Let $t\in\mathbb{R}_+$ denote time, $x \in X$ is the state and $u \in U$ the control. The objective function is $F:X \times U \to\mathbb{R}$ and $f:X \times U \to\mathbb{R}$ is the law of motion for the state, i.e.
\begin{align}
\dot{x}(t) = f(x(t),u(t))
\end{align}
Define the value function $v:X\to\mathbb{R}$ by
\begin{align}
v(x_0):=\max_{\{u(t)\}_{t \geq 0}}\left[\int^\infty_0{e^{-\rho t}F(x(t),u(t))dt}\right]
\end{align}
where $x_0:=x(0)$ is a given initial condition and $\rho\in\mathbb{R}_{++}$
is a parameter (time preference rate). The Hamilton-Jacobi-Bellman equation in current time reads
\begin{align}
\rho v(x) = \max_u[F(x,u) + v'(x)f(x,u)]
\end{align}
which is an ODE. If one can solve for $v(\cdot)$ we can recover the optimal path
\begin{align}
\{u^*(t):t\in\mathbb{R}_+\} = \arg\max_{\{u(t)\}_{t \geq 0}}\left[\int^\infty_0{e^{-\rho t}F(x(t),u(t))dt}\right]
\end{align}
I try to solve the HJB equation by value function iteration. That is guessing an initial value function and then iterate until it converges to the true value.

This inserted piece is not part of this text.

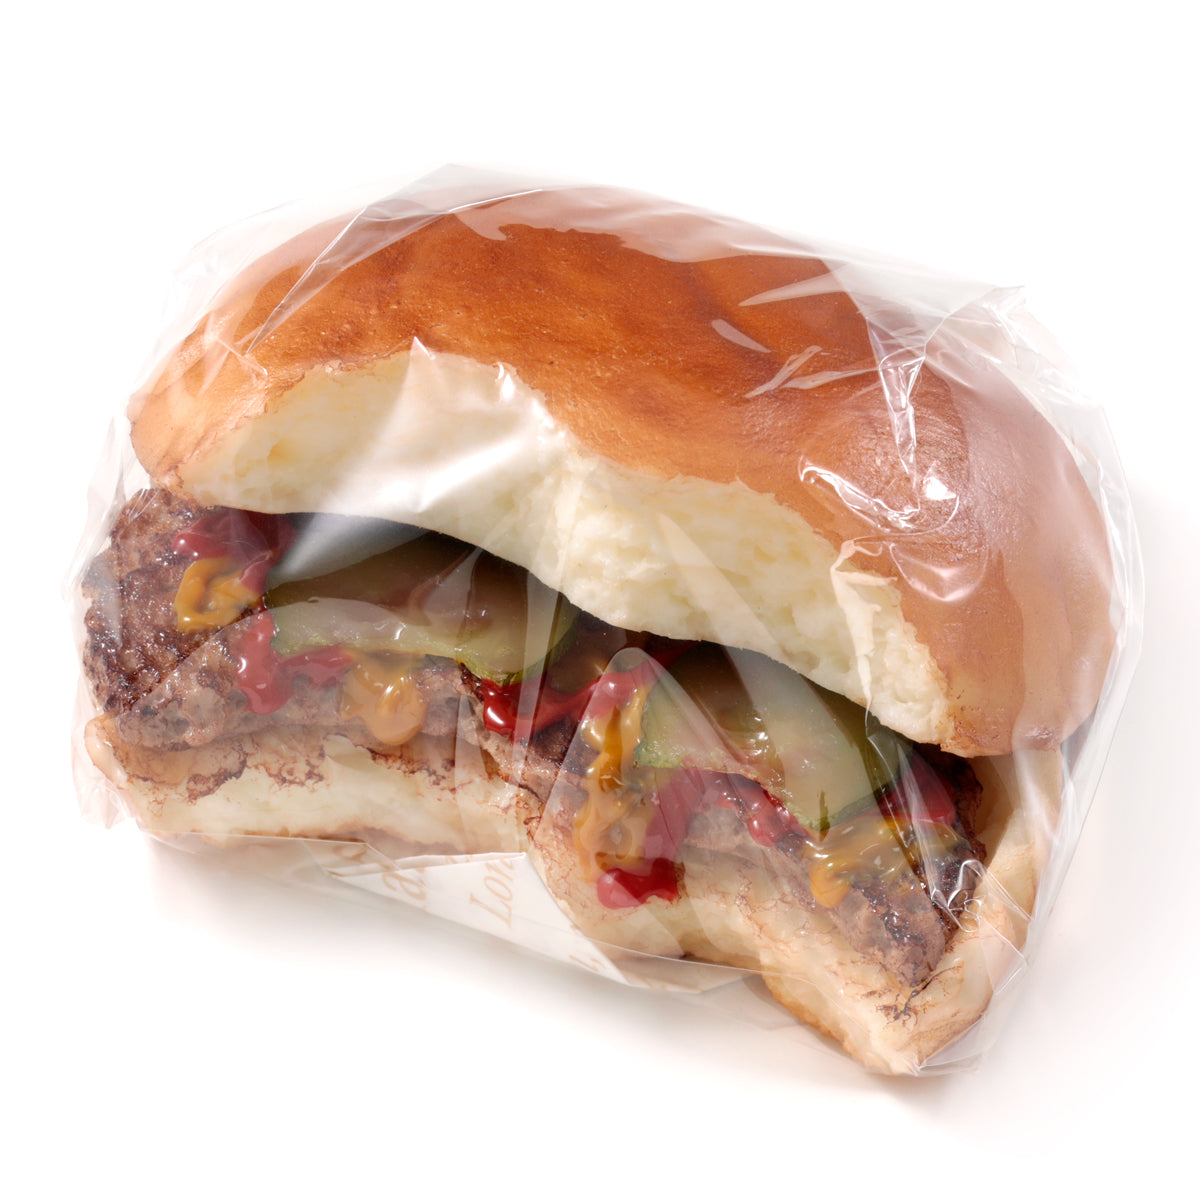 これは元祖食品サンプル屋の「ハンバーガー」の商品パッケージ画像です。

I update via an implicit method a la
\begin{align}
\frac{v_{j+1}(x_n)-v_j(x_n)}{\Delta} + \rho v_j(x_n) = F(x_n,u^*_n) + v'_{j+1}(x_n)f(x_n,u^*_n)
\end{align}
where $\Delta$ is a scaling paramter, $j=0,1,2,\ldots$ the number of iterations and $x_n$ an element of the grid of the state space
\begin{align}
\mathbf{x} := [x_n]_{n=1}^N\in X^N
\end{align}
and $u_n$ is the solution of
\begin{align}
u^*_n = \arg\max_u [F(x_n,u_n) + v'_{j+1}(x_n)f(x_n,u_n)]
\end{align}
To get an expression for $v'(\cdot)$ we shall define slope coefficients by \begin{align} v'(x_n) :\approx \begin{cases} \displaystyle\frac{v(x_{n+1}) - v(x_n)}{\Delta x}\quad&\text{forward difference}\\[2mm] \displaystyle\frac{v(x_{n+1}) - v(x_{n-1})}{2\Delta x}\quad&\text{central difference}\\[2mm] \displaystyle\frac{v(x_n) - v(x_{n-1})}{\Delta x}\quad&\text{backward difference}\\ \end{cases} \end{align}
where $\Delta x$ denotes the equidistance between the elements of $\mathbf{x}$, i.e. \begin{align} \Delta x:=x_{n+1} - x_n = x_n - x_{n-1}~\forall n \end{align}
Problem
It's known that for forward and backward difference one derivative is missing and for central difference two. We can deal with this issue by a boundary condition on either side. However, consider that there is no boundary condition given. I can still approx $v'(x)$ by a combination of forward, backward and central difference. For instance (case 1) \begin{align} v'(x_n) \approx \begin{cases} \displaystyle\frac{v(x_{n+1}) - v(x_n)}{\Delta x}\quad&n=1\\[2mm] \displaystyle\frac{v(x_{n+1}) - v(x_{n-1})}{2\Delta x}\quad&1 < n <N\\[2mm] \displaystyle\frac{v(x_n) - v(x_{n-1})}{\Delta x}\quad&n=N \end{cases} \end{align}
or (case 2)
\begin{align}
v'(x_n) \approx
\begin{cases}
\displaystyle\frac{v(x_{n+1}) - v(x_n)}{\Delta x}\quad&1\leq n <N\\[2mm]
\displaystyle\frac{v(x_n) - v(x_{n-1})}{\Delta x}\quad&n=N
\end{cases}
\end{align}
Note that in the second case $v'(x_{N-1})=v'(x_N)$.
- I was wondering what's common practice in the math profession.
I'm asking because I get significant different results for the different cases (irrespective of $N$).
PS: Note that I'm neither a mathematician nor a native english speaker. So I apologize for misunderstandigs.